2. The protective cover for a foundation of a marine wind power steel pipe pile according to claim 1, comprising a sealing member provided between the plug and the socket to seal the plug and the socket.

3. The protective cover for the offshore wind power steel pipe pile foundation according to claim 2, wherein the sealing member is made of foamed plastic or rubber.

4. A protective cover for a foundation of a marine wind power steel pipe pile according to claim 2, characterized in that the seal is provided between the outer circumferential surface of the plug and the inner wall of the slot in the radial direction of the protective cover.

5. A protective cover for a foundation of a marine wind power steel pipe pile according to claim 3, wherein a protruding portion is arranged in the slot, the protruding portion protrudes in the axial direction of the protective cover, the sealing element is clamped between the protruding portion and the inner wall of the slot in the radial direction of the protective cover, and the plug is stopped on the protruding portion in the axial direction of the protective cover.

6. The protective cover for a foundation of a marine wind power steel pipe pile according to claim 2, wherein the sealing member comprises a first section and a second section which are connected, the first section and the second section are arranged in an L shape, the first section extends along the radial direction of the protective cover and is arranged between the first cover body and the second cover body in the axial direction of the protective cover, and the second section extends along the axial direction of the protective cover and is arranged between the first cover body and the second cover body in the radial direction of the protective cover.

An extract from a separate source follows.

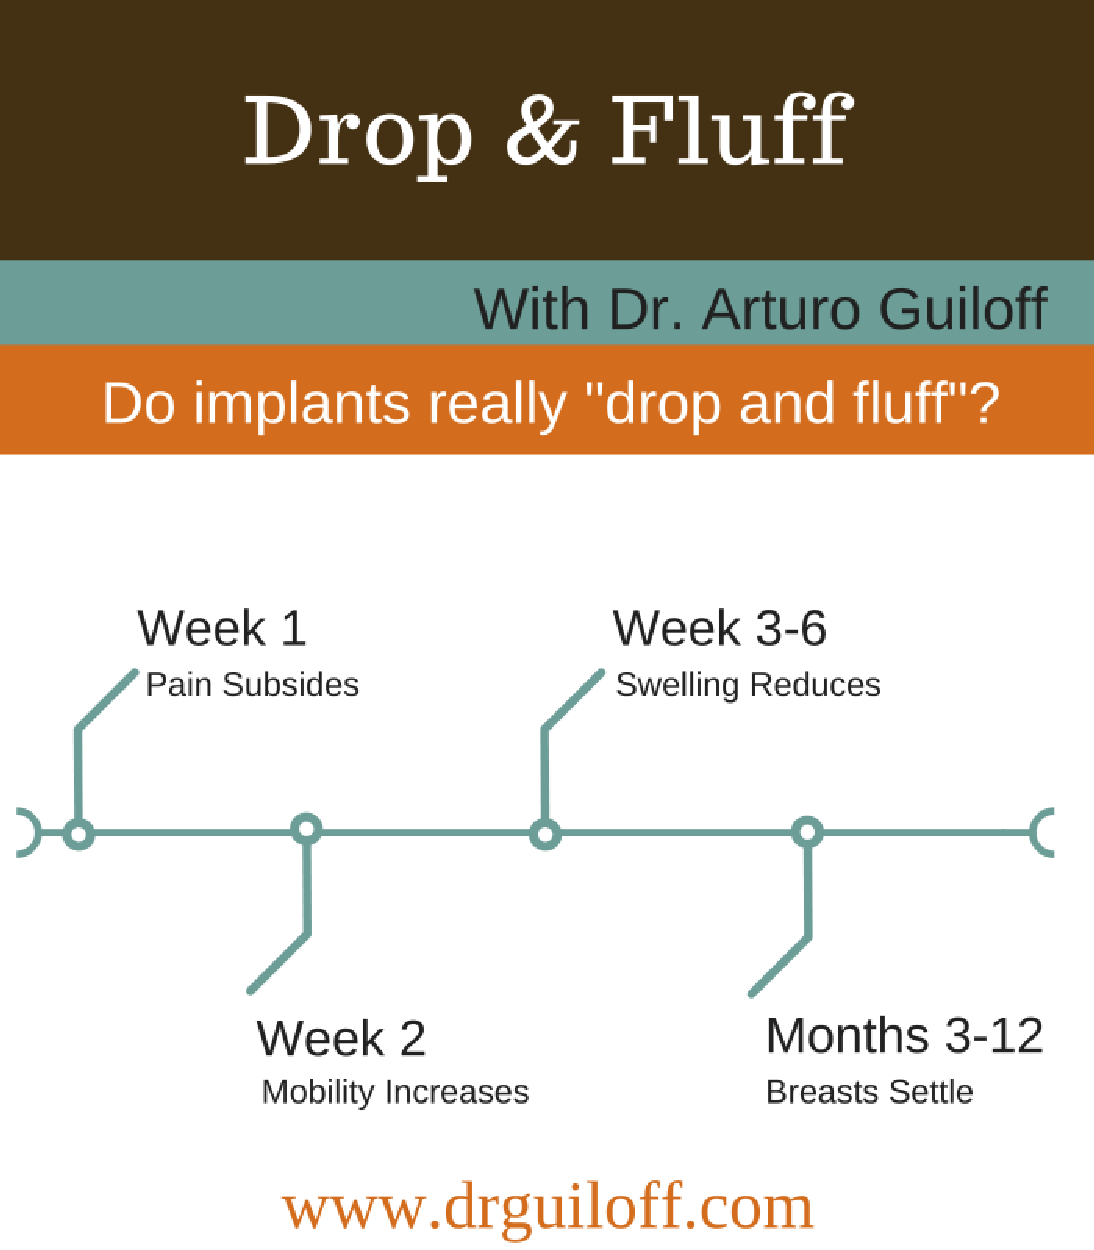 Drop and Fluff after Breast Implants

7. The protective cover for a foundation of a wind power steel pipe pile at sea according to any one of claims 2-6, wherein the seal is adhesively connected to at least one of the first cover body and the second cover body.

8. The protective cover for an offshore wind power steel pipe pile foundation according to claim 1, wherein the first cover body comprises a first rigid layer and a first flexible layer, and the first flexible layer is arranged on the inner side of the first rigid layer.

9. The protective cover for an offshore wind power steel pipe pile foundation according to claim 8, wherein the second cover body comprises a second rigid layer and a second flexible layer, and the second flexible layer is arranged on the inner side of the second rigid layer.

10. The protective cover for an offshore wind power steel pipe pile foundation according to claim 9, wherein the first rigid layer and the second rigid layer are made of fiber reinforced composite materials; and/or

The first flexible layer and the second flexible layer are made of foamed plastic or rubber.